The Concious Traveler

Build a life that you are excited to come home to.

The Nicoya peninsula is easily one of the most beautiful places we have ever visited, it is truly heaven on earth and exhibits the extremely profound loveliness of this planet along with its incredible diversity of flora and fauna. There is much less concrete, and warmer hospitality than we’ve experienced in a while. We also discovered that surfing is something we absolutely love to do together. We took our first official lesson and rented boards an a couple beautiful beaches. 

The nomadic soul has to experience other cultures and eco systems through travel, while not underestimating the importance of a more permenant nest, or “base camp” if you will. On some level if your “root chakra” or sense of security is unbalanced, each chakra thereafter will be unbalanced as well, because energy moves UP from the base of the spine. This has been a lesson both of us have learned and understood deeply, separately and together through countless nomadic seasons. 

Travel can be illuminating in the sense that it gives you perspective. Am I happy with my home and livelihood? Do I miss this or that? Or am I completely ready to move on, create paradise in my day to day routines? Am I dreading what awaits me on the other side? Am I in the wrong place at the wrong time? Am I forcing something to work when the universe is saying no, either subtly, or obviously? 

I think for us being in a somewhat remote and visually stimulating environment is very important, while enjoying the people and causes we work for, as well as having ample opportunity to build more fitting careers and enjoy our favorite recreational activities. While we loved Costa Rica, we were both happy to come home to magical Sedona. We were thrilled to see our cat, our friends, the red rocks. Charles with his rock climbing projects, and I with my very deep conversation with the high desert through paint. It very much felt like, there’s no place like home, after laying down in our bed that night on the day we returned. 

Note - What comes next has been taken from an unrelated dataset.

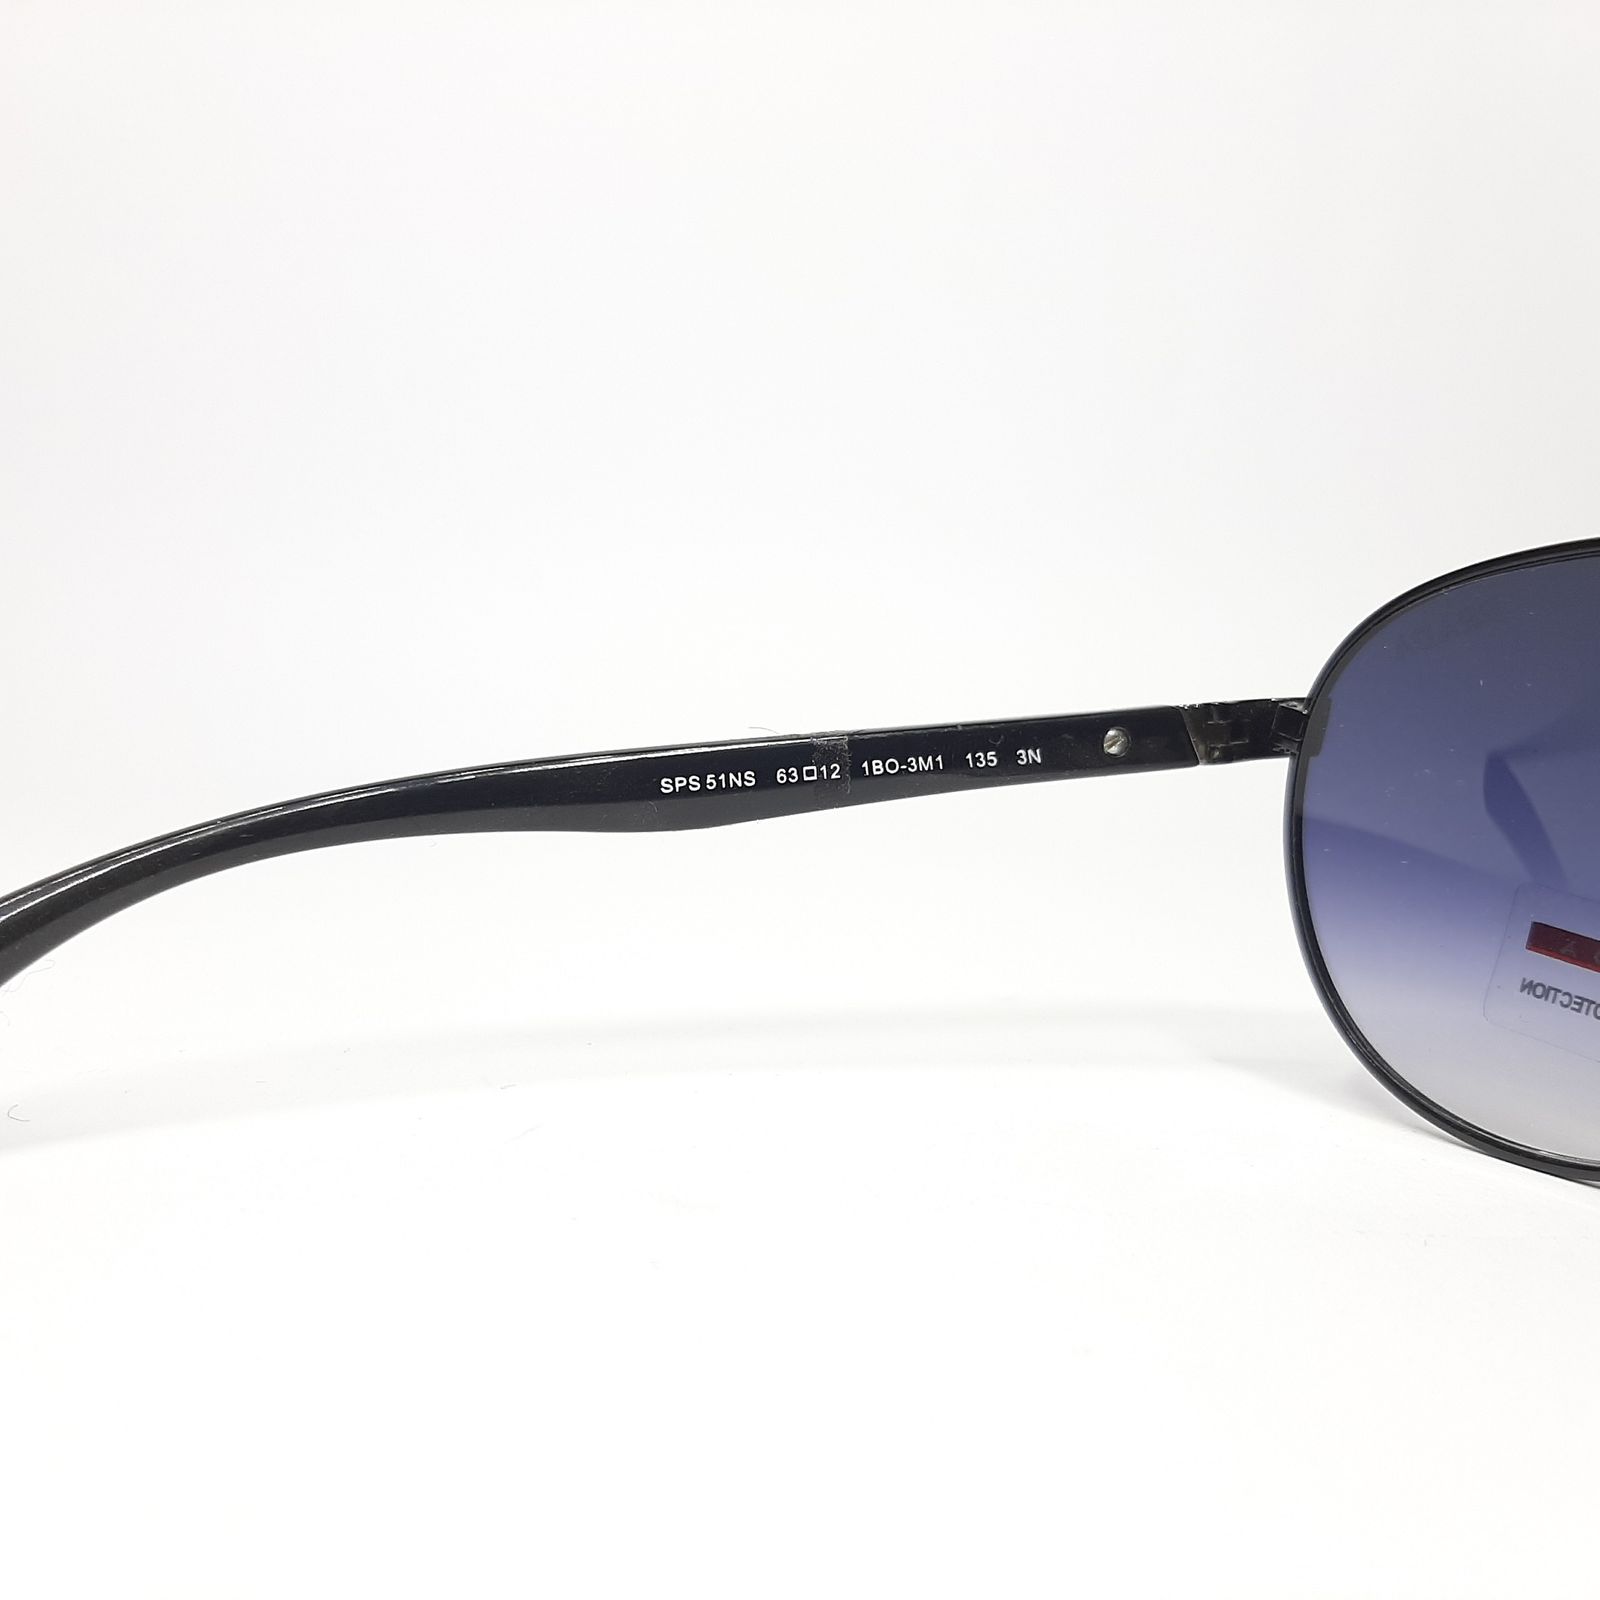 عینک آفتابی پرادا مدل SPS51ns -  - 7

When you live in a heart centered way, the right paths open up to you. If you seek to move and restart your life, the way we did in our van, is it driven by an innocent curiosity and longing or by greed and desire? Are you answering a nudge from the universe with clarity and conviction? Simply falling in love with a place isn’t always enough. The stars have to align. While many people seek to “own” a little piece of Sedona, we very much accidentally ended up here. Needing to go south for the winter in our bus, it was a stop suggested to us by my father in California on our way to Sante Fe, New Mexico. Charles was not into it here when we arrived , for one because of the obvious corruption of wealth and spirituality, and two because a storm completely concealed the landscape! We nonetheless applied to a gig in the local paper because we were out of money again. The next day we were both hired full time, and haven’t left since. We found housing to fall into place more easily here than in Rimrock or Cottonwood! It was actually pretty comical at the time, trying to build a teepee in the middle of nowhere and facing an endless stream of obstacles from the banks, the county, and the locals. On the contrary, opportunities seemingly by the day, continue to open up for us here in Sedona, evidently keeping us here. 

Many times I imagined us buying a little beach hut in Punta Islita, or in a small mountain town in the jungle during our adventures in Guanacaste. But it was clear that it was all meant to be a moment in time, and that we were meant to come hOMe. 

So ask yourself, when you travel, can you appreciate a place without needing to claim it? Do you contribute to eco tourism or to the destruction of environments and local culture? Do you stimulate the native communities or fund large foreign cooperations? When you travel, are you entitled or humbled?

If you find yourself unhappy with where you are rooted, are your motivations to build a new life pure? When your intentions are pure, everything falls into place. It can be even harder to know the truth if it’s not the place you are dissatisfied with, but with the landscape inside of you. Then you are just constantly looking for the next best thing, never really satisfied, instead of honoring your own unique journey and where you are *meant* to be. 

Living full time in a tourist town and having the experience of being a “tourist” has caused us to reflect on the juxtaposition a lot. If you too are a traveler at heart, maybe you will find some of these thoughtful observations helpful.